##### WORKING DATA #####

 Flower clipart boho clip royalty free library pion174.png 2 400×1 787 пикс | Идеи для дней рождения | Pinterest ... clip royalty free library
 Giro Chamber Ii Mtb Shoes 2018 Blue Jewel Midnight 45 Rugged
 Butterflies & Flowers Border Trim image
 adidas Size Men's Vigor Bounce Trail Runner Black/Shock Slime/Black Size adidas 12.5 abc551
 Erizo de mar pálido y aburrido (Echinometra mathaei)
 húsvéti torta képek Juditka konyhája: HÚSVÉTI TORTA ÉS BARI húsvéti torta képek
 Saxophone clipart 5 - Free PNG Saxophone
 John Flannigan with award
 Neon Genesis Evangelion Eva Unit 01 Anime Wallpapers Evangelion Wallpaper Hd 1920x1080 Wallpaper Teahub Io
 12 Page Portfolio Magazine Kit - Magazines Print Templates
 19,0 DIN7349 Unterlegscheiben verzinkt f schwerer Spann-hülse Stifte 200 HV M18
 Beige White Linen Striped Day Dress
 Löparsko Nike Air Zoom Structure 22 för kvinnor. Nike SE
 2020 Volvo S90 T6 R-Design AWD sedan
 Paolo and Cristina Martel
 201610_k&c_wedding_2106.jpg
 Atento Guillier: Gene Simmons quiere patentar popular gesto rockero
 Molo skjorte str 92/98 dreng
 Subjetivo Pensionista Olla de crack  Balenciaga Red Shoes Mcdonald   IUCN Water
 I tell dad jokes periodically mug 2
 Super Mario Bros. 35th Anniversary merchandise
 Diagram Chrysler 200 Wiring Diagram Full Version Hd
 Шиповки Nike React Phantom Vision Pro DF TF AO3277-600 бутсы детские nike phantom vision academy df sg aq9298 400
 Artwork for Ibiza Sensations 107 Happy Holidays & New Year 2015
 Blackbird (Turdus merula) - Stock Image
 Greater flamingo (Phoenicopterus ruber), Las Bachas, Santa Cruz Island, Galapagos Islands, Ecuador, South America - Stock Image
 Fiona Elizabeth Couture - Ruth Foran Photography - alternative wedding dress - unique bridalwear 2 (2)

#####

PROBLEM:
Copy every line of the records above, starting with the first, up to and including the line containing "Butterflies & Flowers Border Trim image".

SOLUTION:
 Flower clipart boho clip royalty free library pion174.png 2 400×1 787 пикс | Идеи для дней рождения | Pinterest ... clip royalty free library
 Giro Chamber Ii Mtb Shoes 2018 Blue Jewel Midnight 45 Rugged
 Butterflies & Flowers Border Trim image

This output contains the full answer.